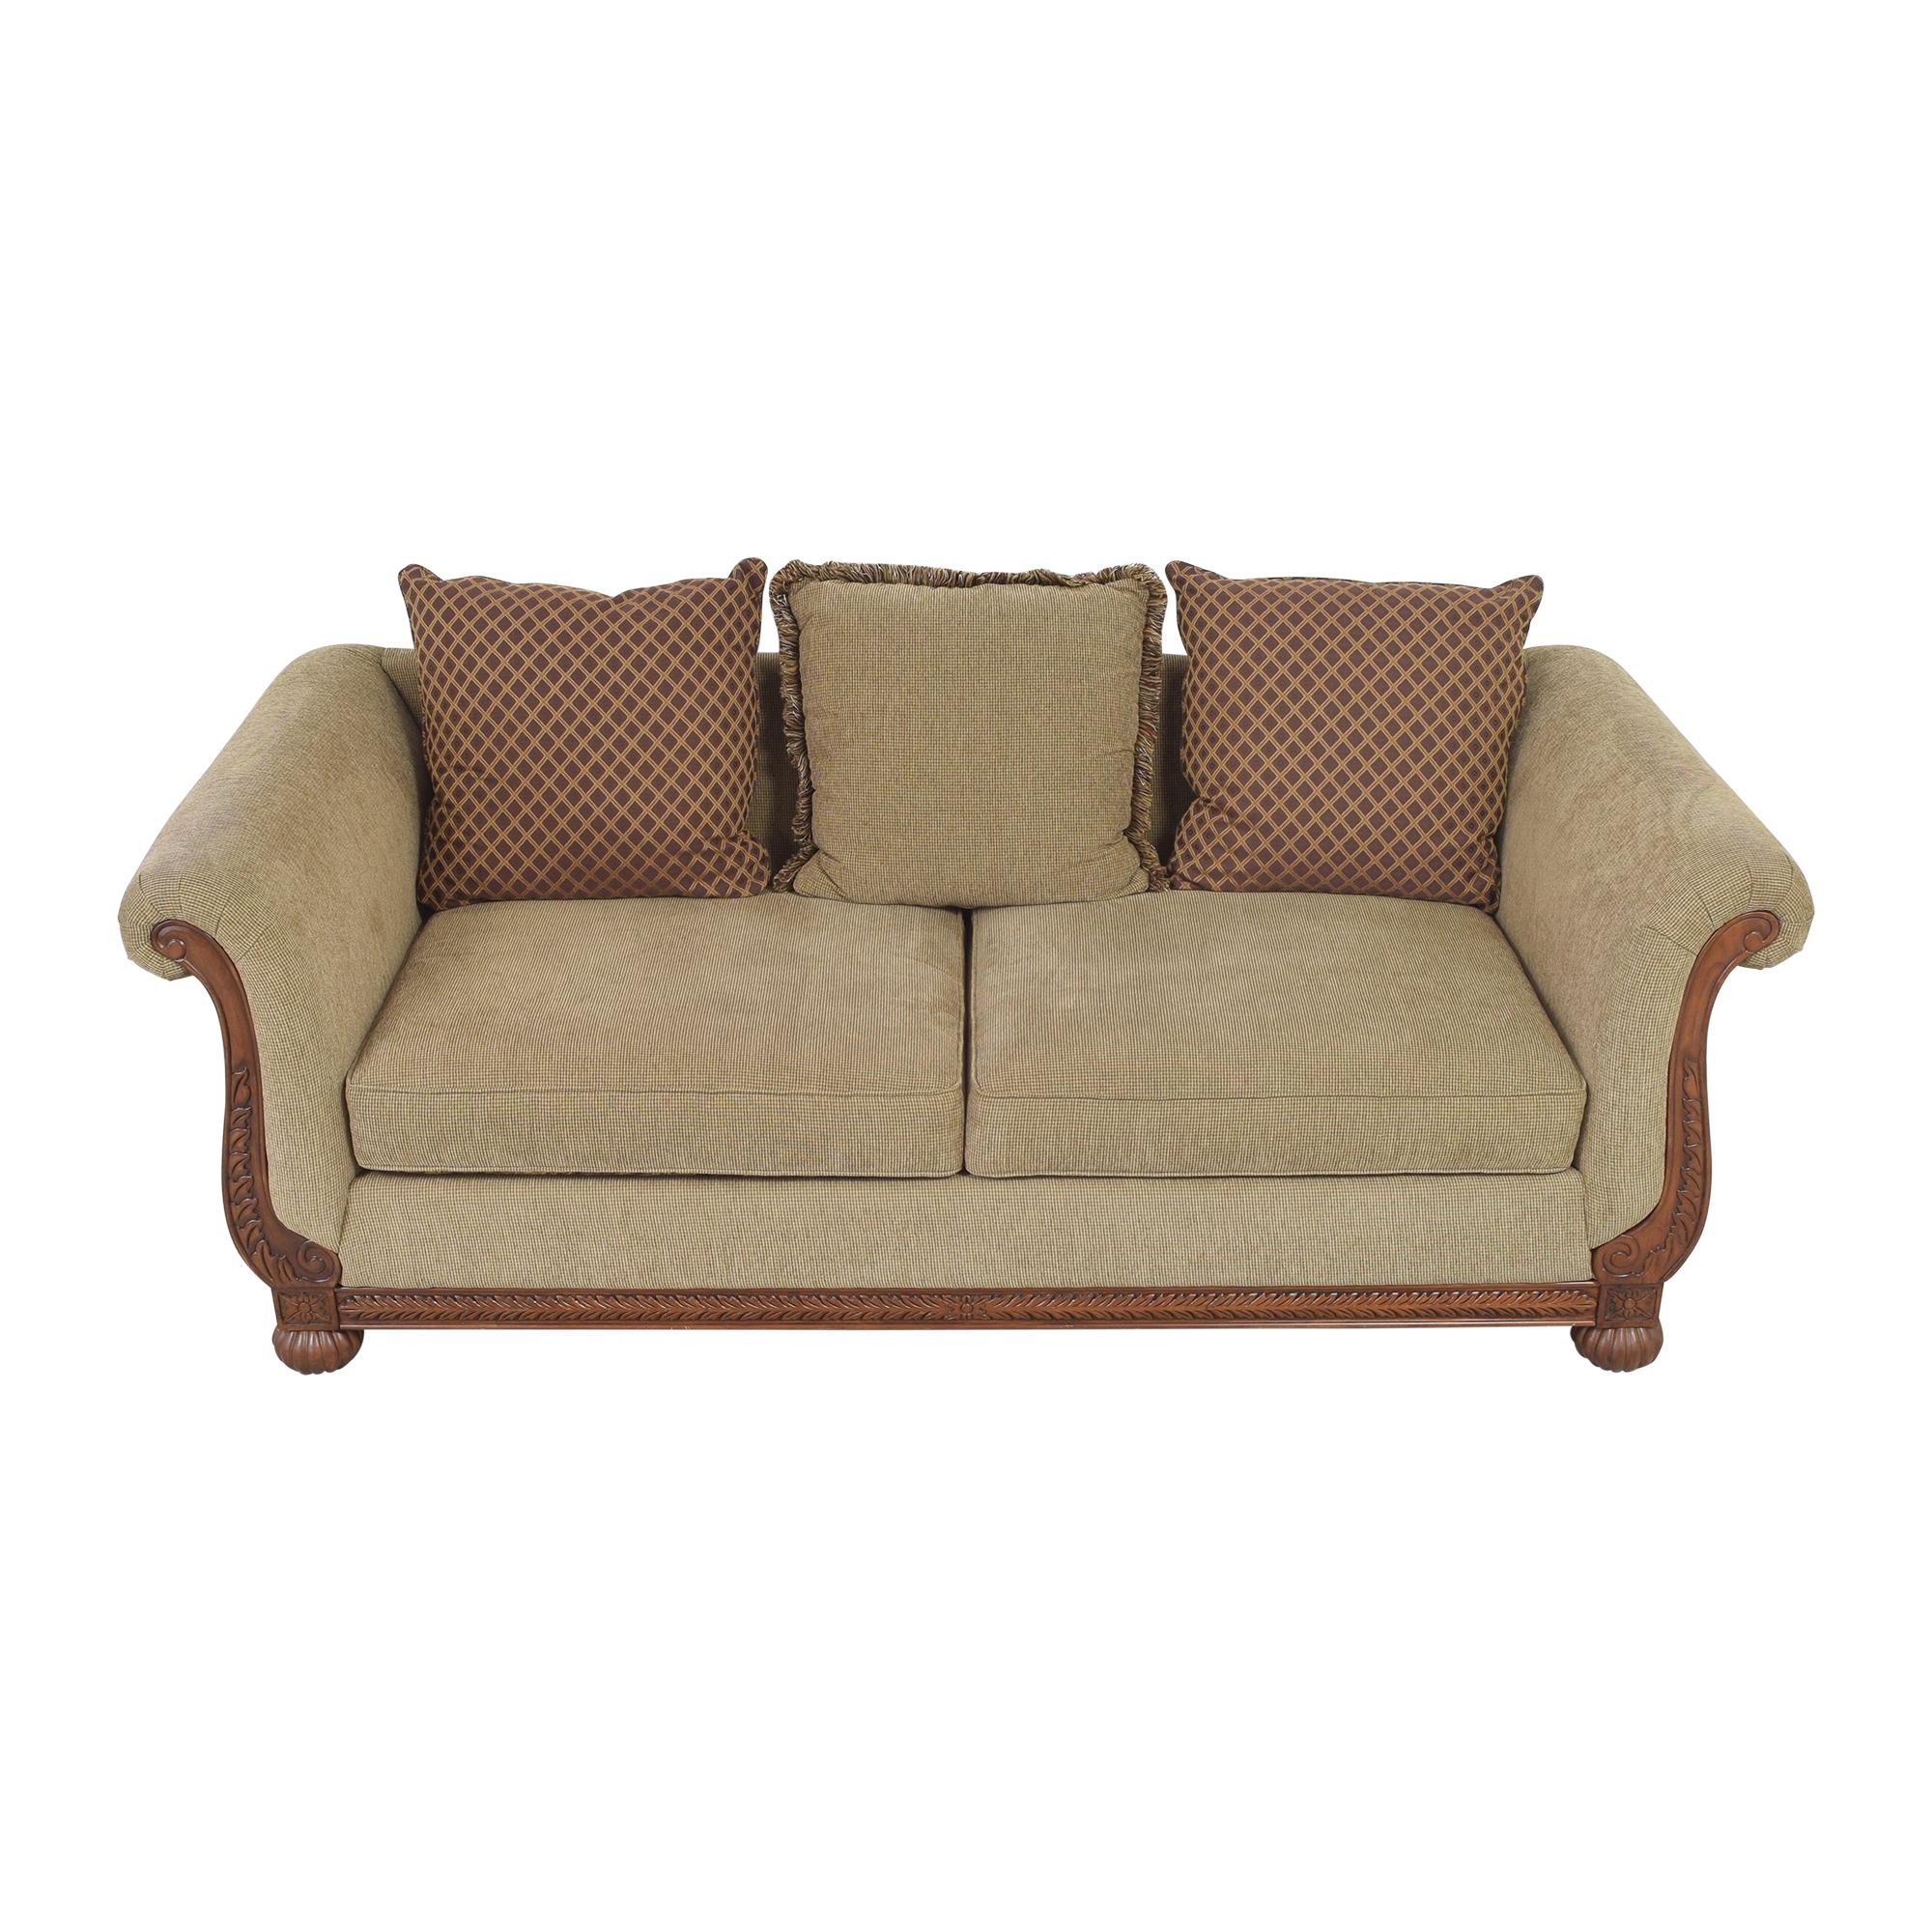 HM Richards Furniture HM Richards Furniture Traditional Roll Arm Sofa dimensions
--
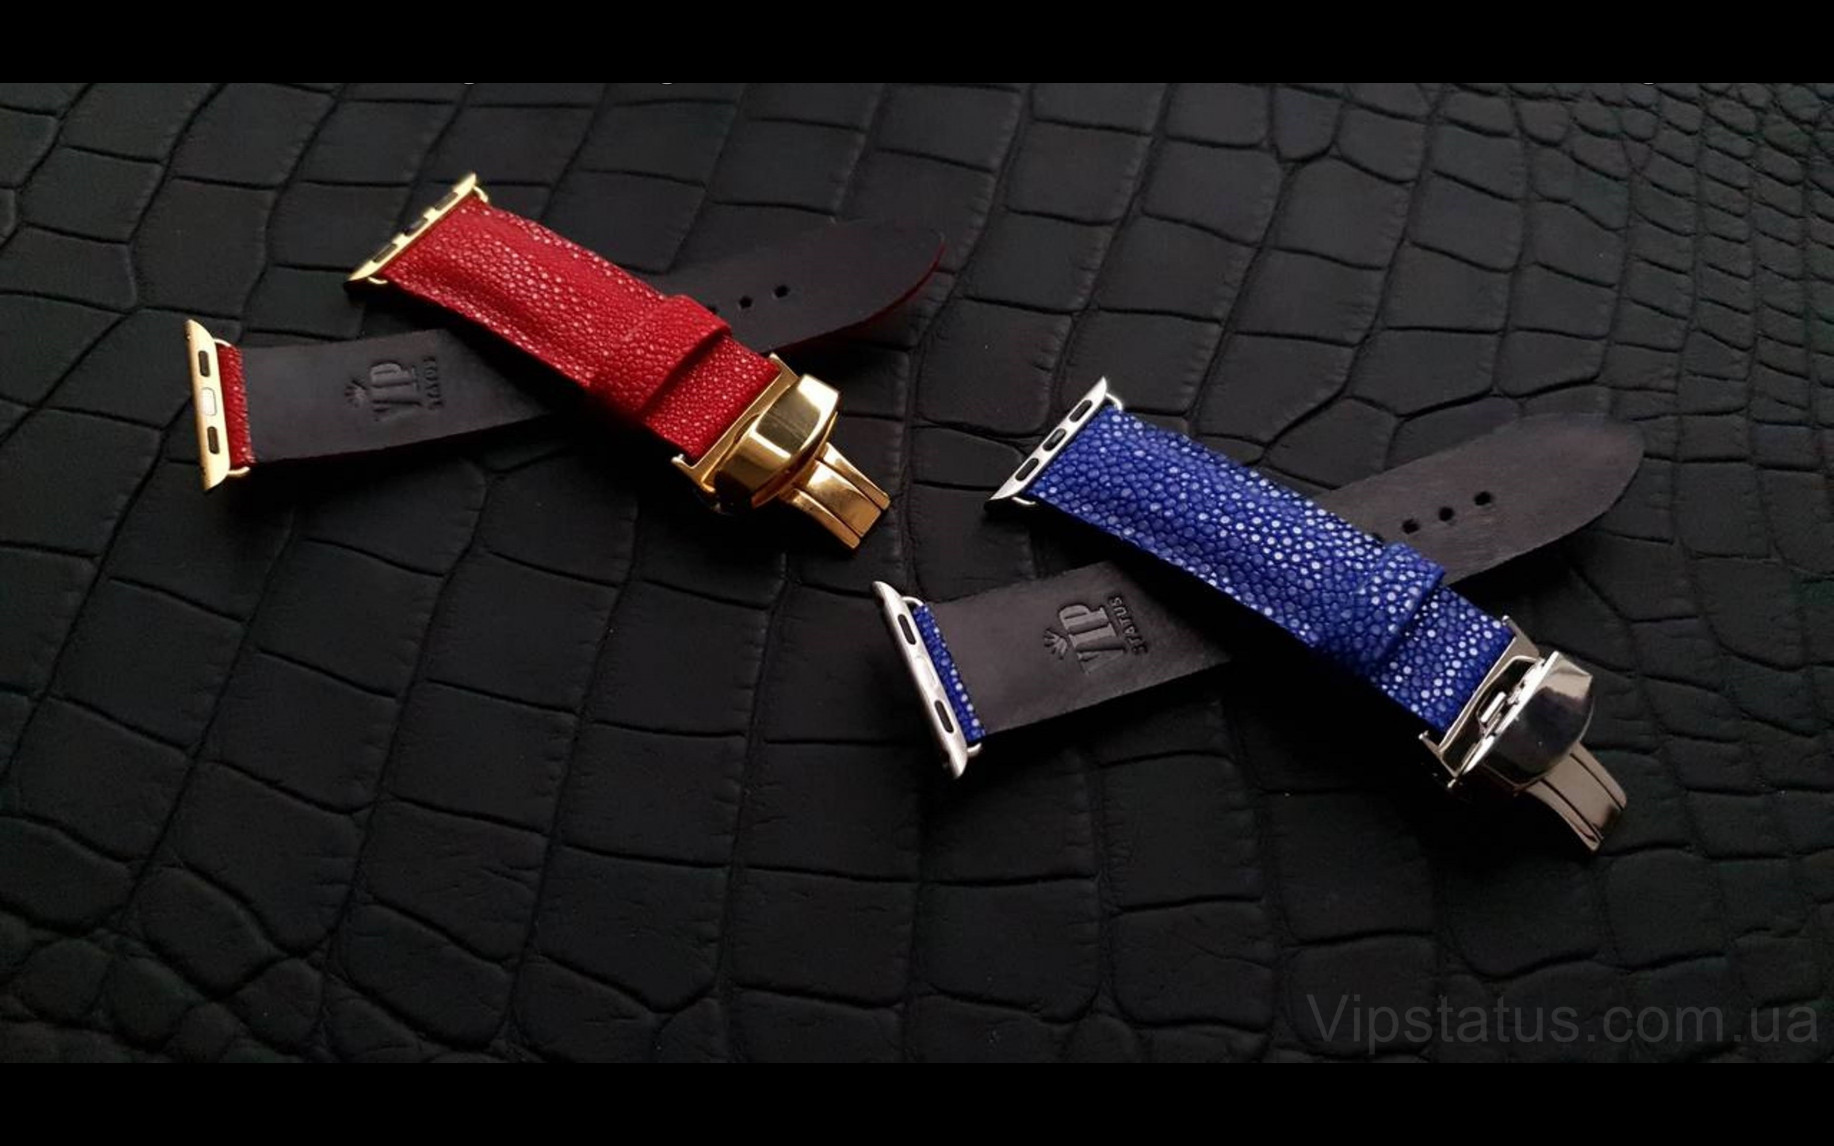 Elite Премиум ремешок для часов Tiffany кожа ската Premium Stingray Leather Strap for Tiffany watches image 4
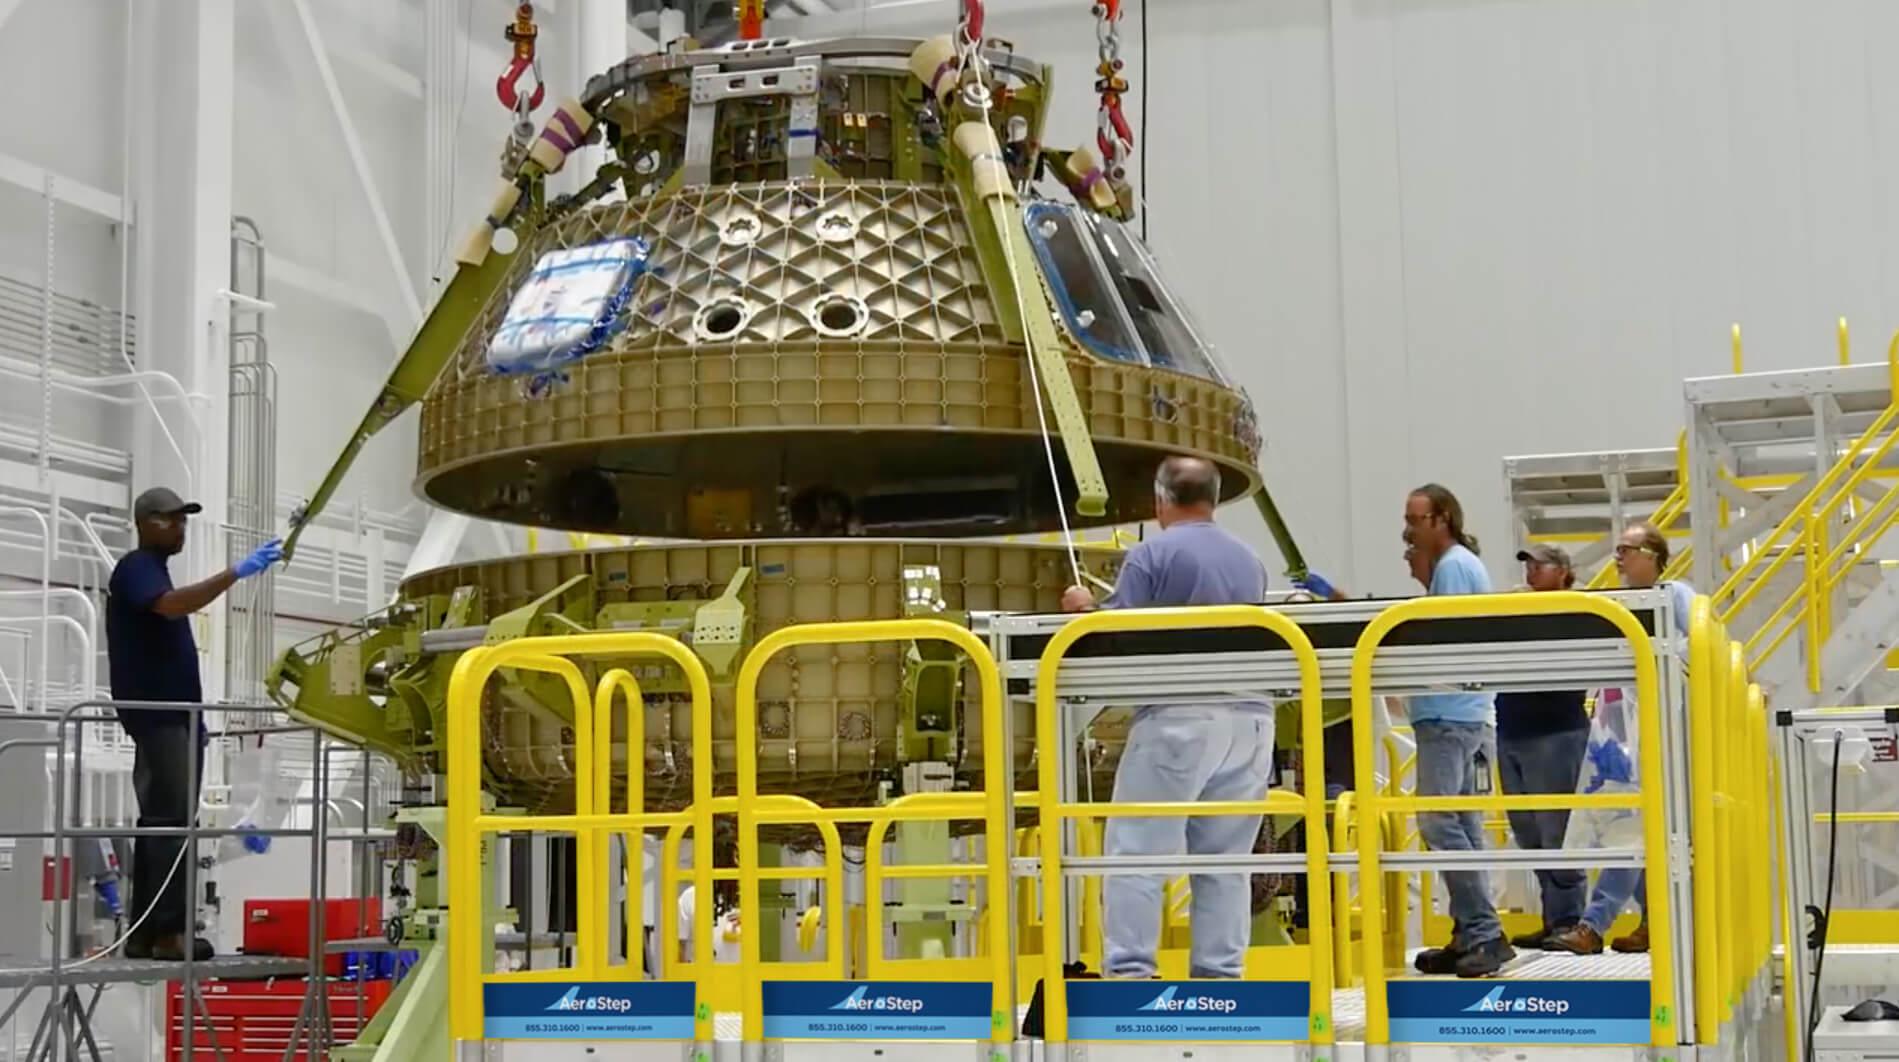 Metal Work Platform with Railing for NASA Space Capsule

_Exercise description_
Those lines of the records above that run from the one containing "Elite Премиум ремешок" through the one containing "Metal Work Platform" should be returned exactly, with no pictures among them.

_Answer to the problem_
 Elite Премиум ремешок для часов Tiffany кожа ската Premium Stingray Leather Strap for Tiffany watches image 4
 Metal Work Platform with Railing for NASA Space Capsule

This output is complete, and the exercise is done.